R Kemball v Secretary of State for Communities and Local Government (First Defendant)

JurisdictionEngland & Wales
CourtQueen's Bench Division (Administrative Court)
JudgeMr. Justice Holgate,Mr Justice Holgate
Judgment Date15 October 2015
Neutral Citation[2015] EWHC 3338 (Admin)
Docket NumberCO/2661/2015
Date15 October 2015

[2015] EWHC 3338 (Admin)




Royal Courts of Justice


London WC2A 2LL


Mr Justice Holgate


The Queen on the Application of Kemball
Secretary of State for Communities and Local Government
First Defendant

Mr Wayne Beglan appeared on behalf of the Claimant

Miss Justine Thornton appeared on behalf of the First Defendant

Mr. Justice Holgate



Mr. Robert Kemball applies under section 288 of the Town and Country Planning Act 1990 ("TCPA 1990") to quash the decision of the Secretary of State for Communities and Local Government ("the First Defendant") given by his Inspector on 28 April 2015. The Inspector dismissed the Claimant's appeal under section 195 against the refusal by the Lake District National Park Authority ("the Authority") to grant a certificate under section 192 (1)(b) that the proposed construction of two dwellings on a site south of Keldwith, Keldwith Drive, Troutbeck Bridge, Windermere would be lawful.
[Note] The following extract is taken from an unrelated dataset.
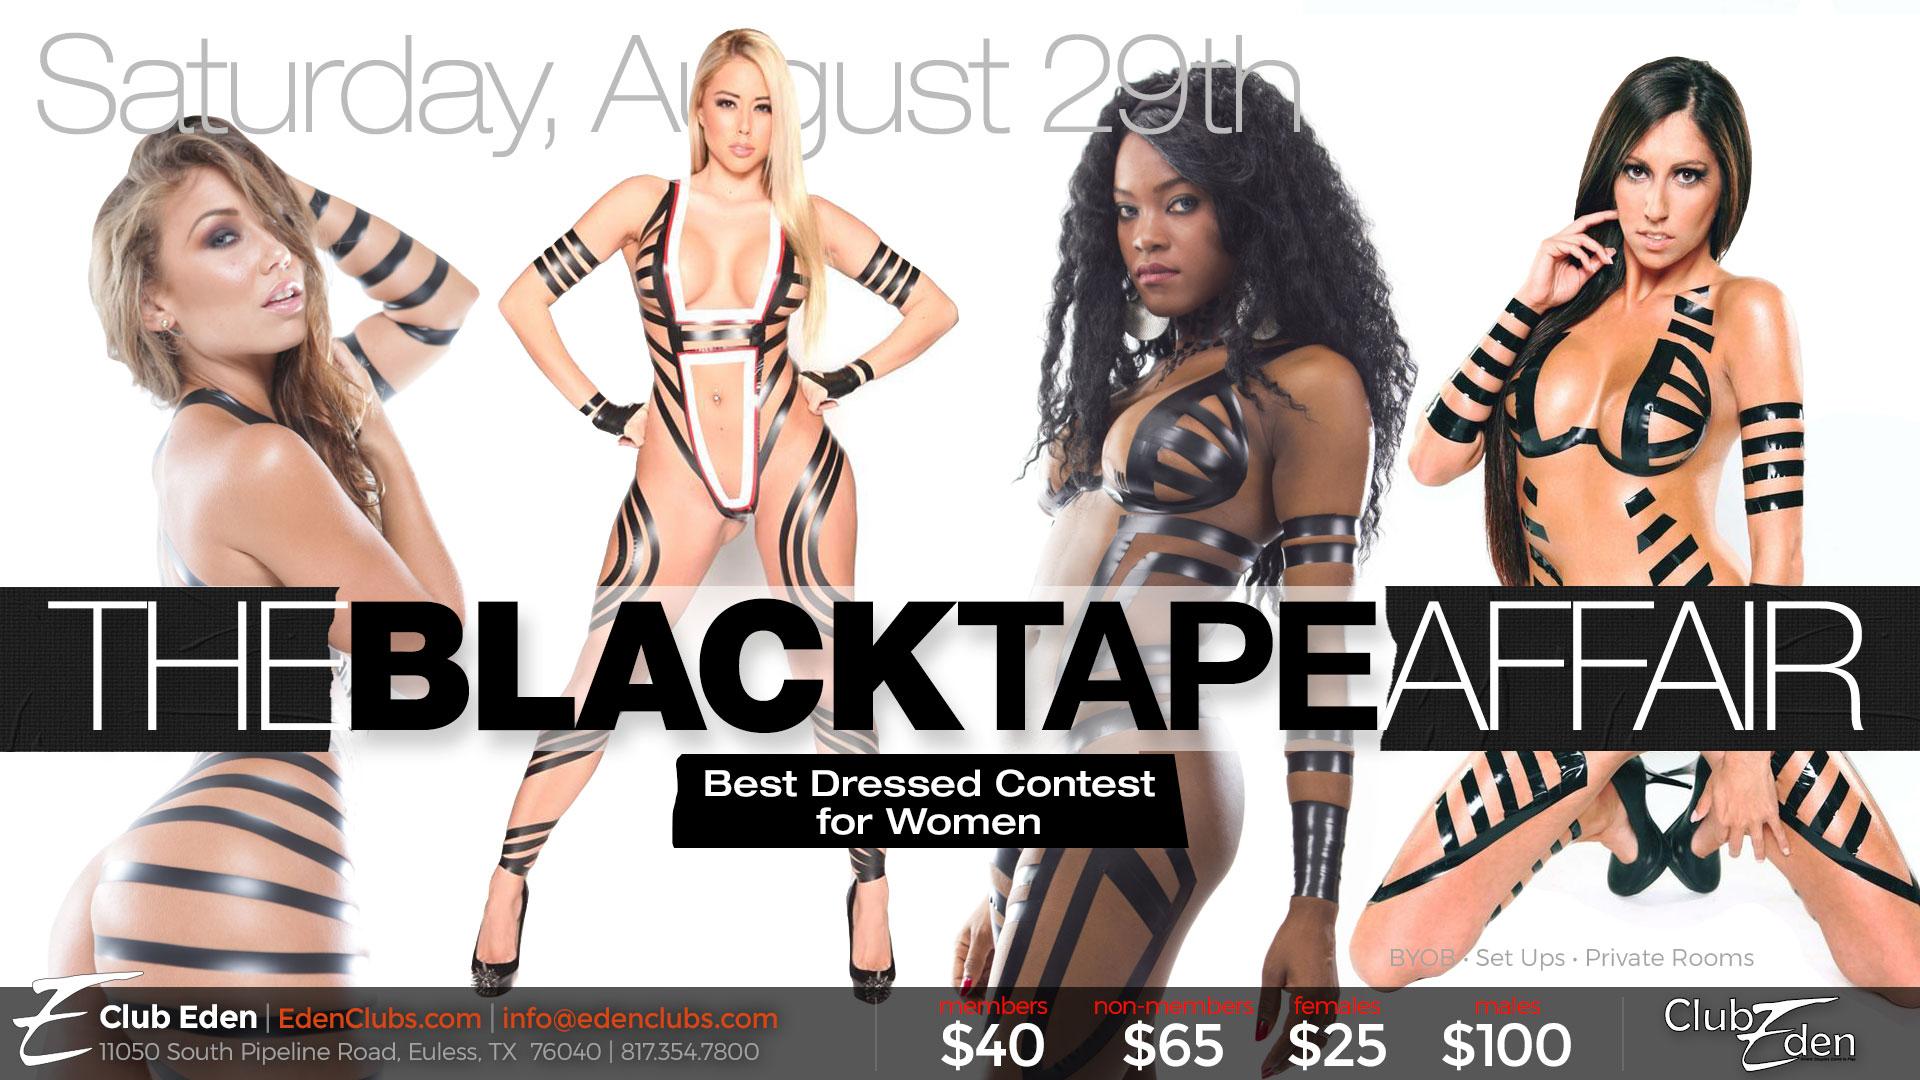 082920-Black-Tape-tv

According to the Claim Form the application was originally made to the Authority on 3 December 2010 and was refused by a letter dated 16 February 2011. An Inspector dismissed the Claimant's appeal on 21 October 2011. That decision was quashed on 4 February 2013 by a consent order in the High Court on an application by the Claimant. The appeal was redetermined by a different Inspector on 11 November 2013. That decision was in turn quashed on 23 April 2014 by a second consent order in the High Court, again on an application made by the Claimant. The appeal was then redetermined by a third Inspector in the decision letter dated 28 April 2015 which is the subject of these proceedings.


The planning history of Keldwith is long and complex. I should emphasise that the Court has been shown documents relating to only part of that history, namely those documents which the parties consider would enable the Court to resolve the issues which now fall to be decided. But I note that the original application is not before the Court.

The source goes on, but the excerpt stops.